The IDET procedure has been performed on over 75,000 patients in the United States since 1998. In that time, the IDET procedure has also been studied by medical researchers in 17 clinical trials, which have included more than 775 treated patients. Complications related to the IDET procedure have been rare in clinical studies and in everyday practice. Potential risks related to the IDET procedure include the following:

• Pain: Persistent and sometimes increased low back pain is expected in the 1st week after the IDET procedure.
• Nerve injury: Any time a needle is inserted into the spine, there is some risk of nerve injury. However, the use of real-time x-ray visualization and keeping you awake and responsive under partial anesthesia may help reduce this risk.
• Probe breakage: Excessive manipulation of the flexible probe may cause it to kink and break off in the disc. However, the probe material is inert, so in most cases the broken tip may be left in the disc with no risk to you.

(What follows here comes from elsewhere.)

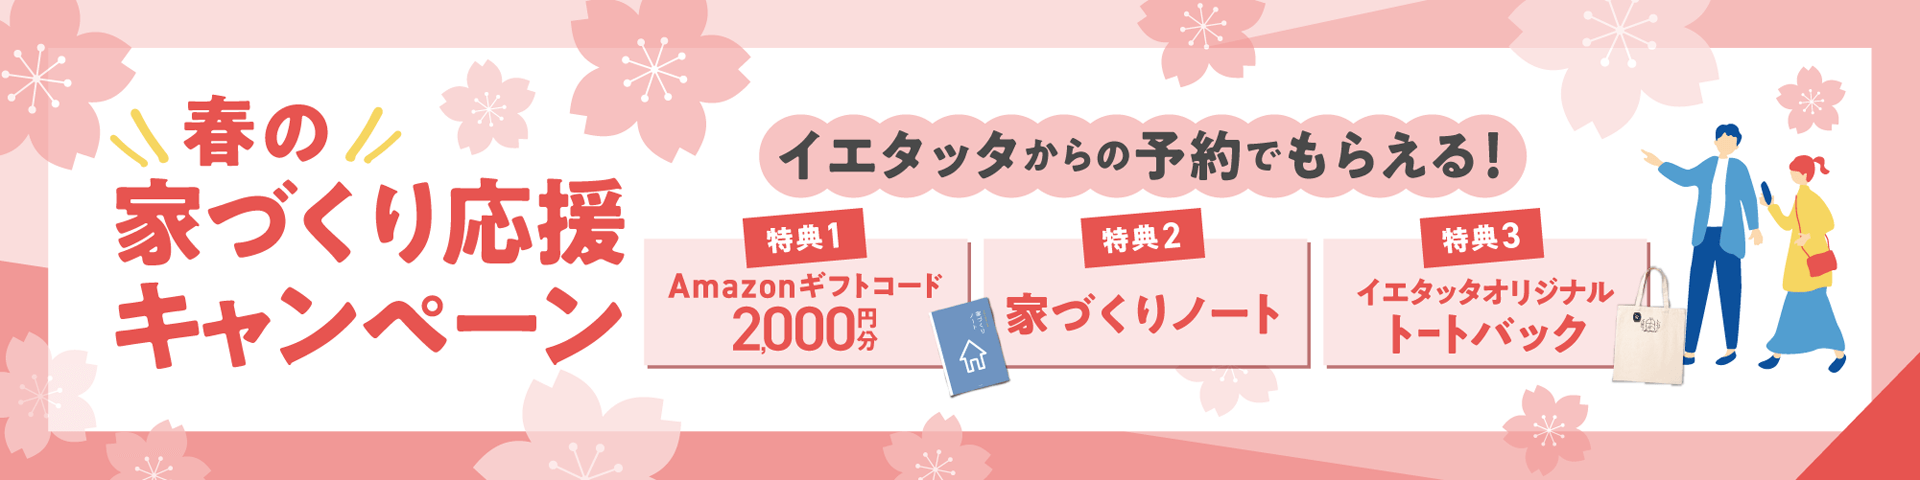 イベント・モデルハウス予約来場でAmazonギフトカード2000円プレゼント

The most comprehensive report of complications occurring during and after the IDET procedure was presented at the 2001 meeting of the North American Spine Society. The authors reviewed 1,675 IDET procedures performed at 5 different spine centers. They also reviewed 35,000 FDA medical device reports for 35,000 SPINECATH catheters:

• The investigators found that the rate of serious complications for the IDET procedure was just 0.7% (12 cases out of 1,675 procedures)—and all these complications were brief.

The overall picture of the IDET procedure that emerges is one of a relatively simple procedure with few potentially serious risks and an impressive record of safety in actual practice.

It should be noted that the prospect for a successful outcome may also depend on a patient’s preparation, recovery, and aftercare.